*** Data excerpt ***
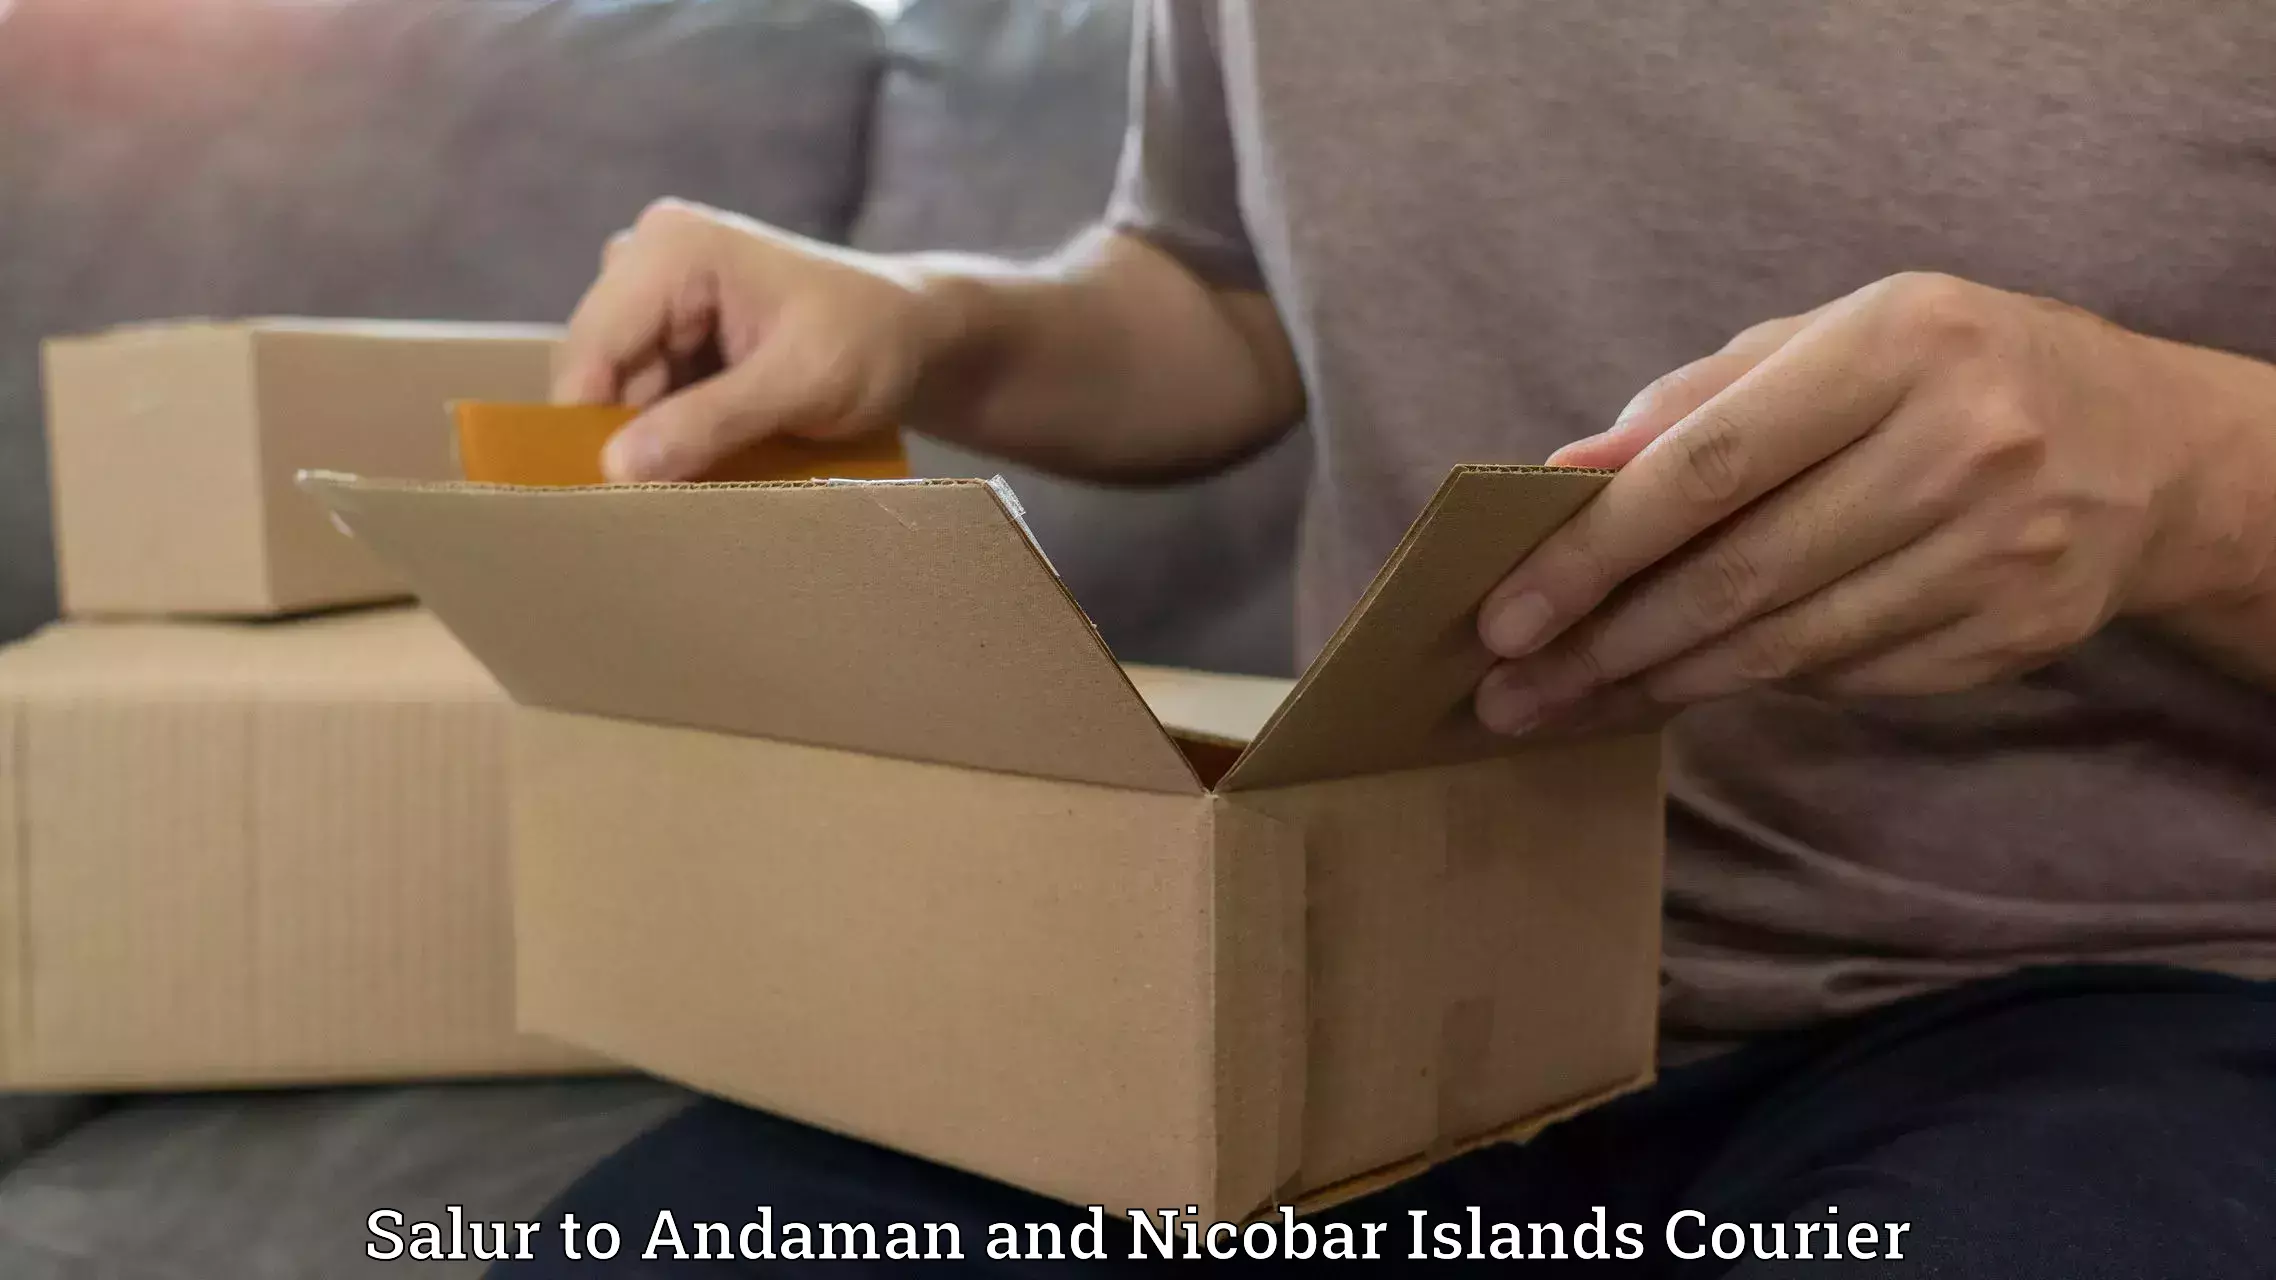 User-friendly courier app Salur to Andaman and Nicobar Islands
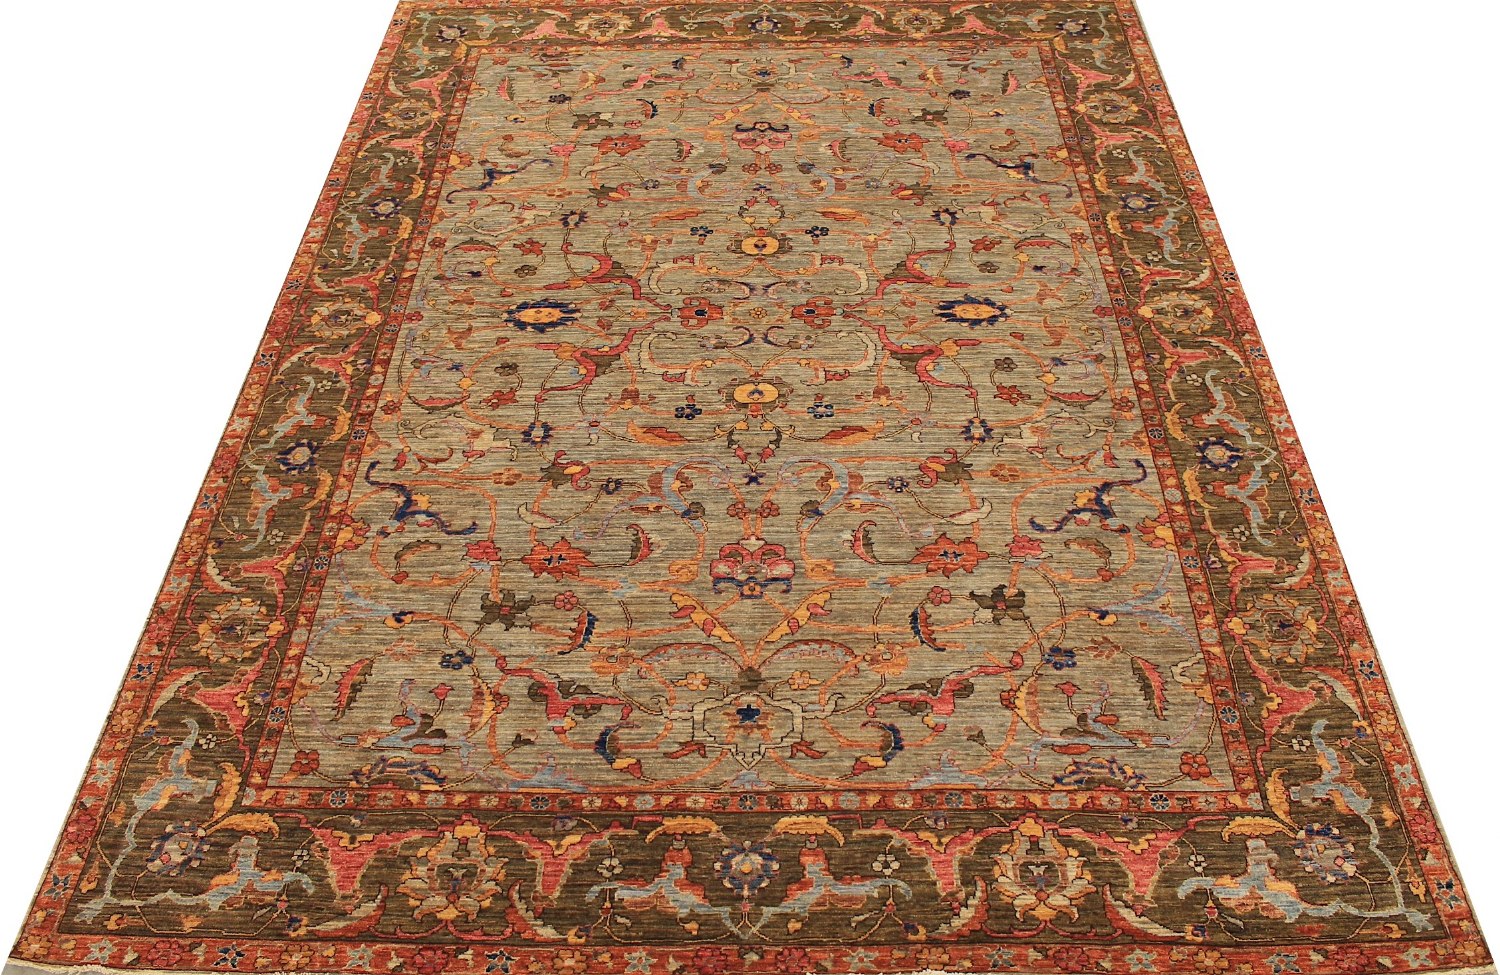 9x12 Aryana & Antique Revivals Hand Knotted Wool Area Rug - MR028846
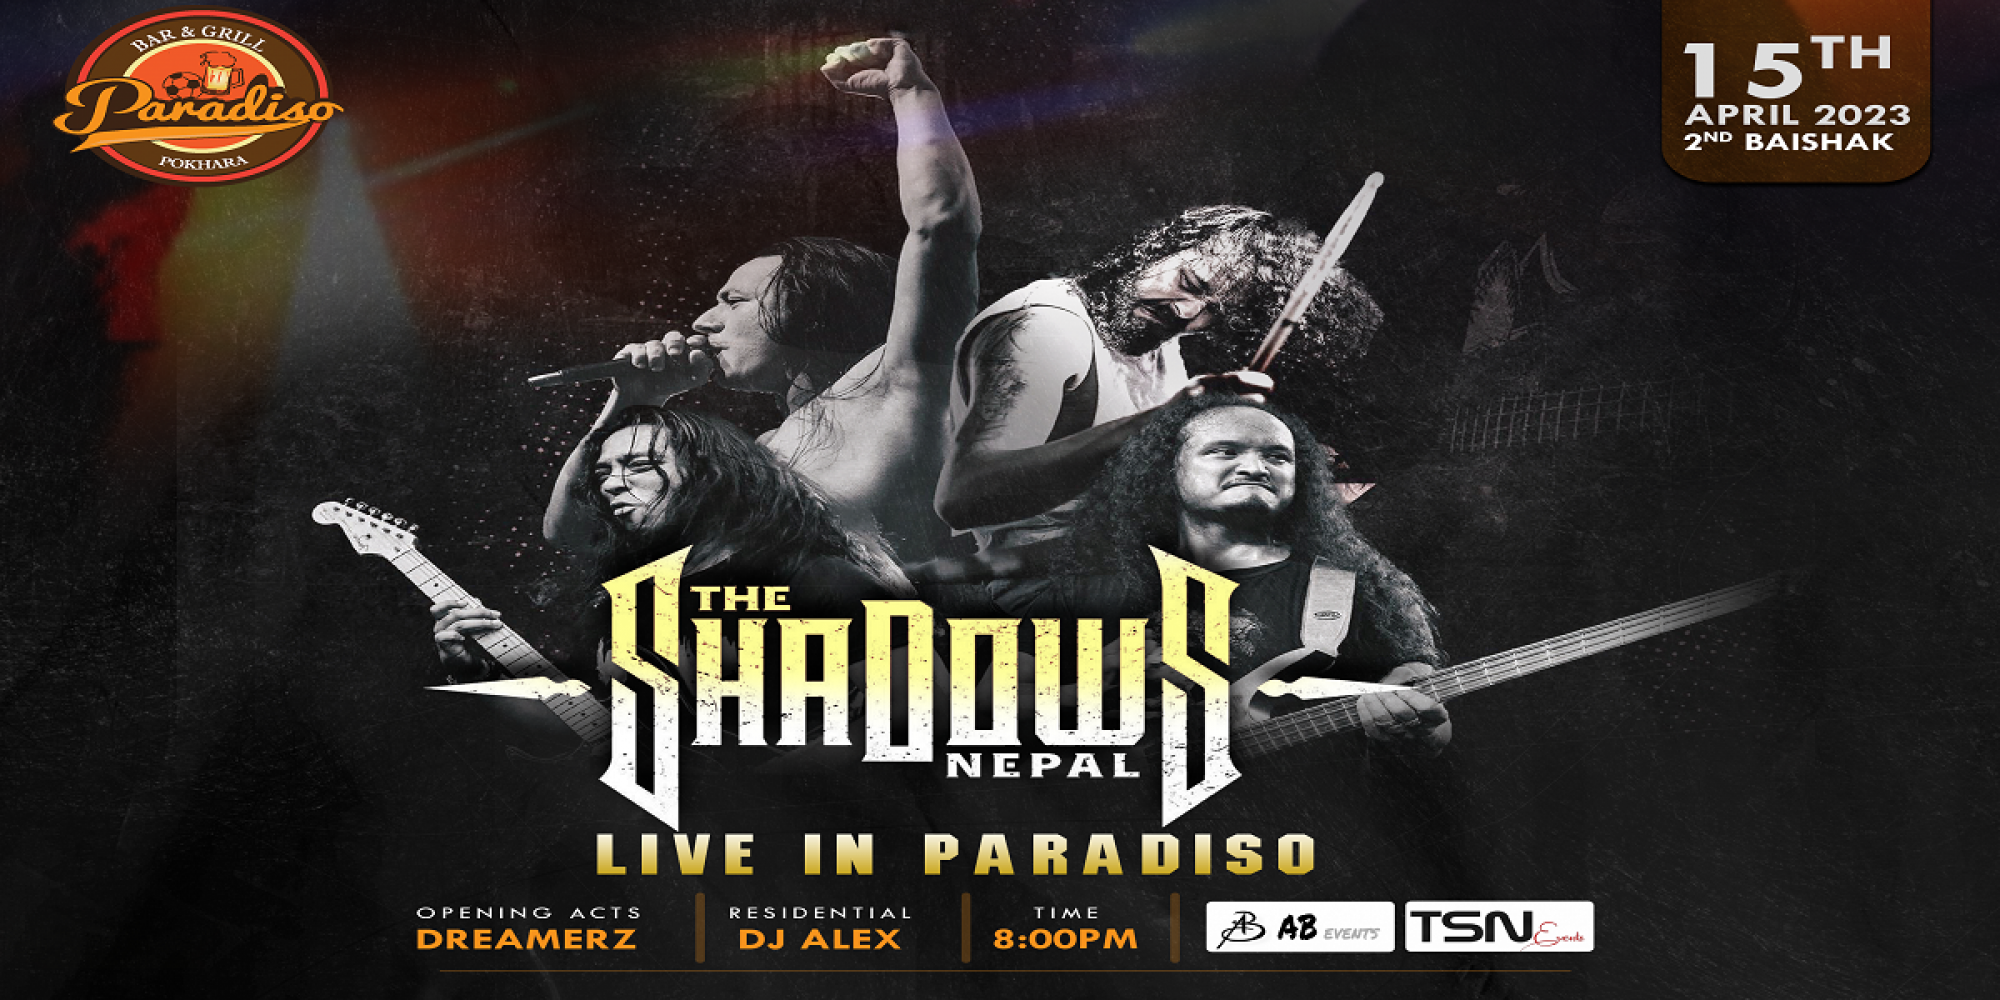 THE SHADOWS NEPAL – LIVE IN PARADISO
*** End of Data excerpt ***
Task requirements: Restate the data above verbatim, skipping every image.

Written response:
 User-friendly courier app Salur to Andaman and Nicobar Islands
 9x12 Aryana & Antique Revivals Hand Knotted Wool Area Rug - MR028846
 THE SHADOWS NEPAL – LIVE IN PARADISO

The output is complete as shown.